Finger Lakes Wine Country has been on my radar for a while, however, domestic travel was far from my purview with a partner in Lebanon and many travel plans abroad. 

It’s been a constant mental battle of when is the “right” time to really get out and travel to public places / touristic areas. Everyone has their level of risk and reasons like having a mom at home who’s in her 70s and not wanting to be the cause of the spread. My family and I have been wearing masks, washing our hands like crazy and being very mindful of social distance measures. 

Summer has started to bring about warmer temps and drawing many outside. I wanted to get to a place like Finger Lakes with ample outdoor and alfresco options to limit human interaction and risk. The region and local businesses really appeared to be taking lots of precautions and taking this very seriously, which eased our concerns as well.

After picking a weekend just after the initial phase of openings, I mapped out our visit. I found a place right on the water to be our “homebase” and proximity to the activities that were most appealing. The pretty recently renovated Plum Point Lodge is perched right on the water with a dock, fire pit, pool, and restaurant. It was ideal for the four of us. 

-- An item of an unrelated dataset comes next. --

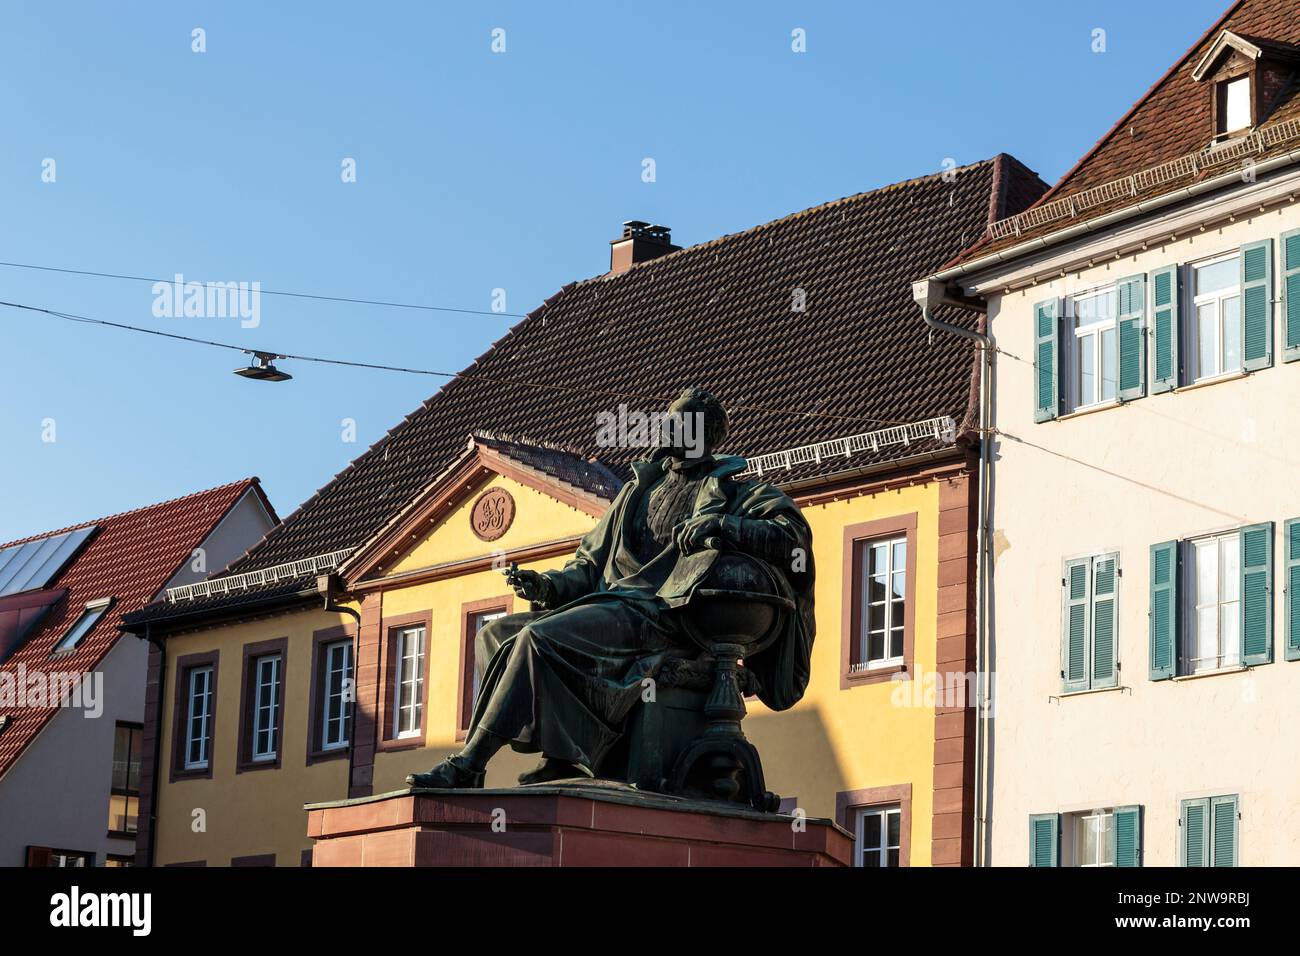 Denkmal des berühmten Astronomen und Mathematikers Johannes Kepler, 1870 in weil der Stadt errichtet Stockfoto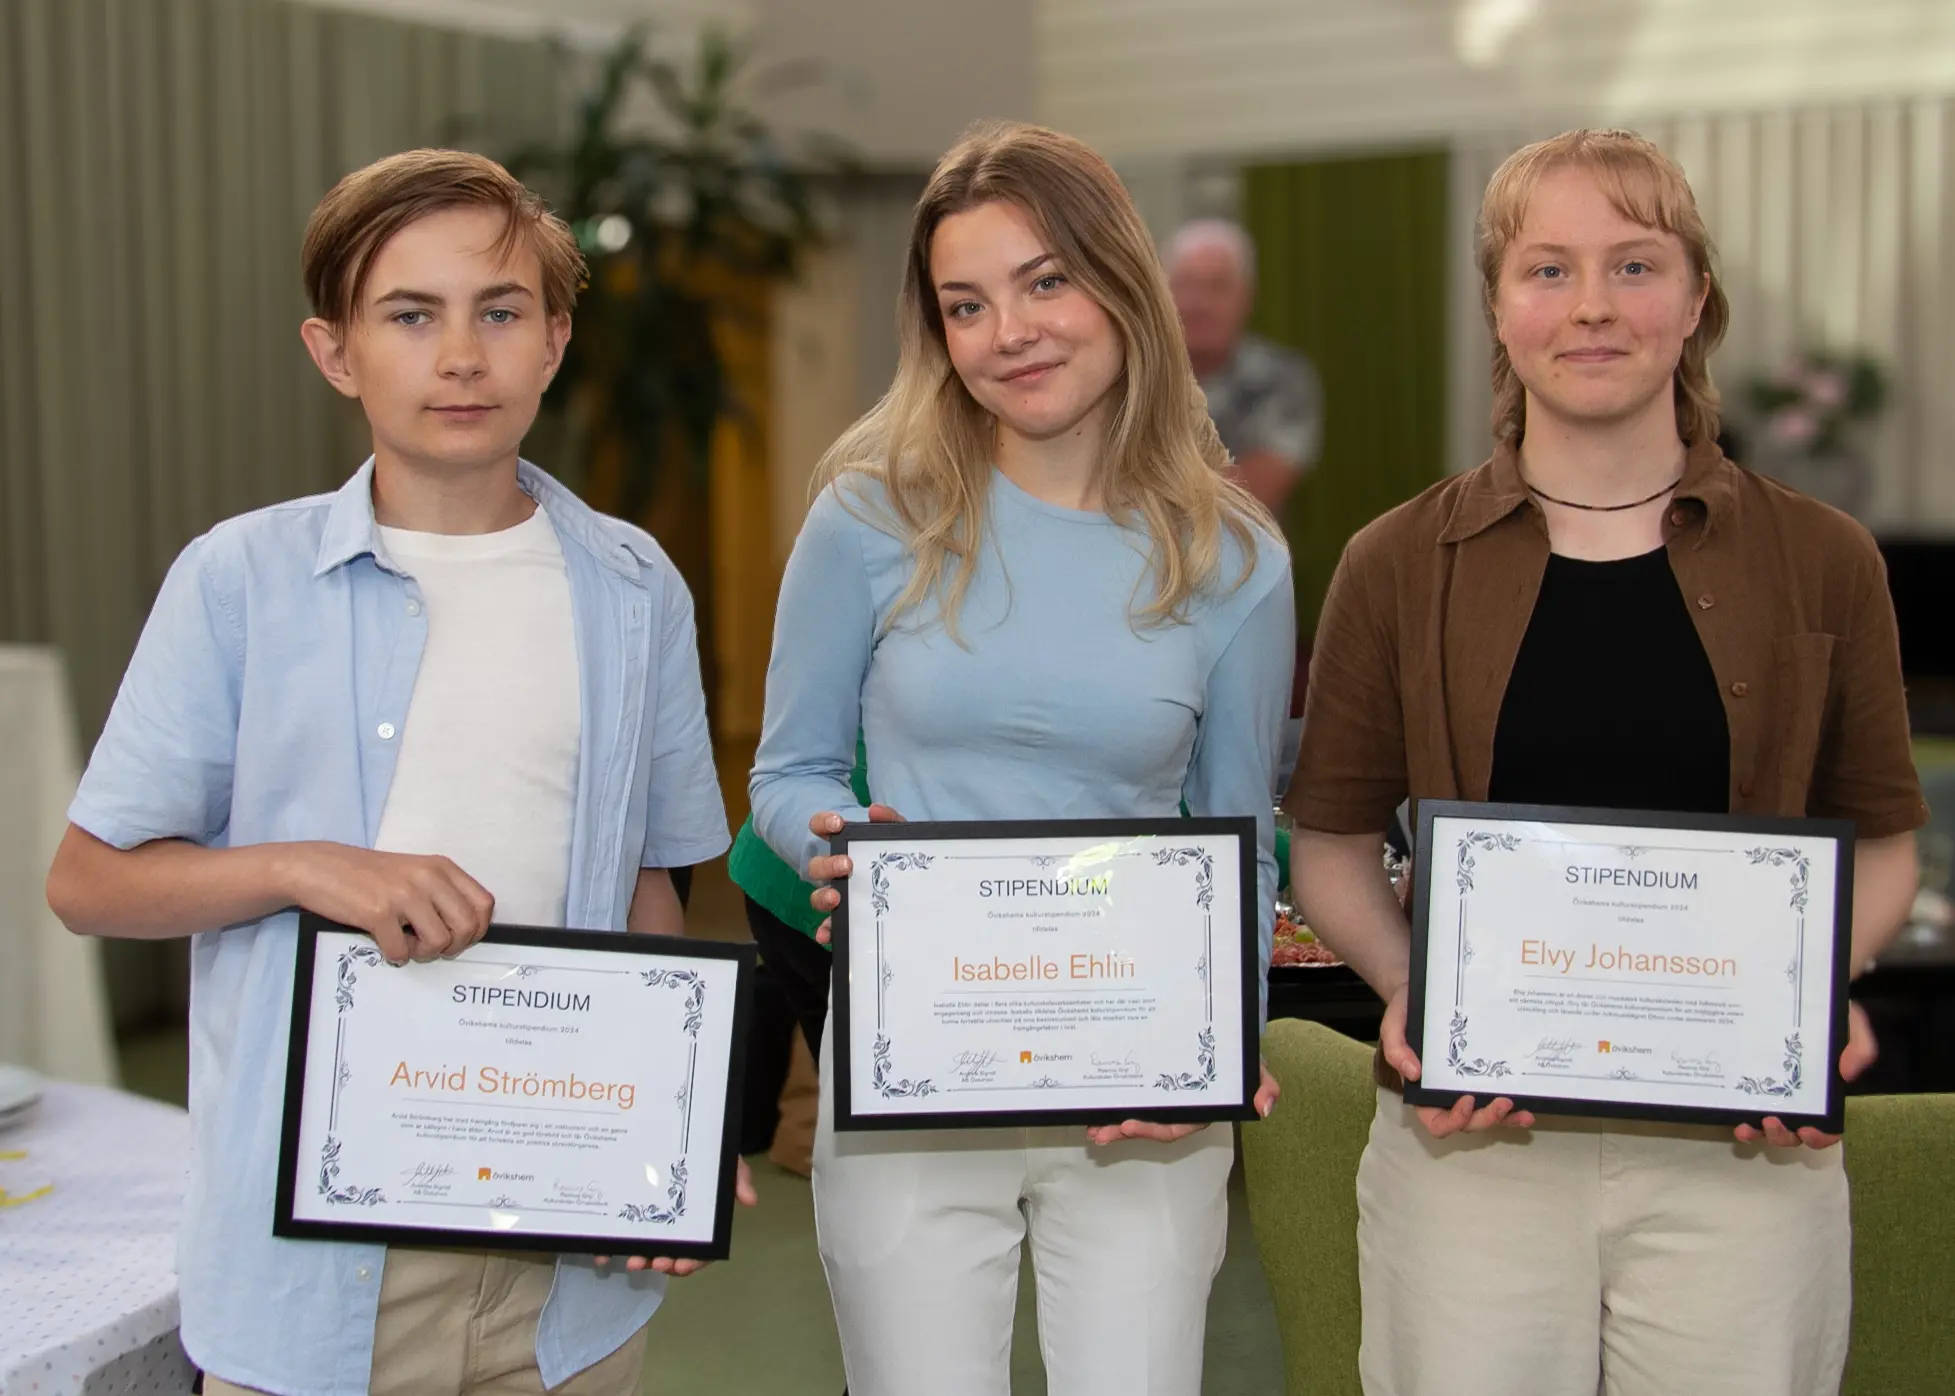 Stipendiaterna Arvid Strömberg, Isabelle Ehlin och Elvy Johansson med sina stipendiumdiplom.

Scoping out the wineries and the time we had there, I made reservations at nearby Hermann J. Wiemer Winery, and across the lake, Wagner Vineyard, a highly awarded winery, known for the wide selection of Rieslings for that Saturday. 

We arrived late afternoon on Friday, checked-in to Plum Point Lodge, and made our way to Grist Iron Brewery with a lake view and dining outside. No reservations needed and the team there had a system setup to keep us all safe, while we enjoyed their craft brews, pizza and the view. There were a lot of great beers, so while we couldn’t do flights, we did some sharing among ourselves and sampled a few. Favorites that we tried: QKA Cream Ale, Sweet Disaster Cherry Kolsch, That’s My Jam! Mixed Berry Sour, Boom Scotch-A-Lotcha.

We took some beer to go and went back to make good use of our lodge’s dock and weather. 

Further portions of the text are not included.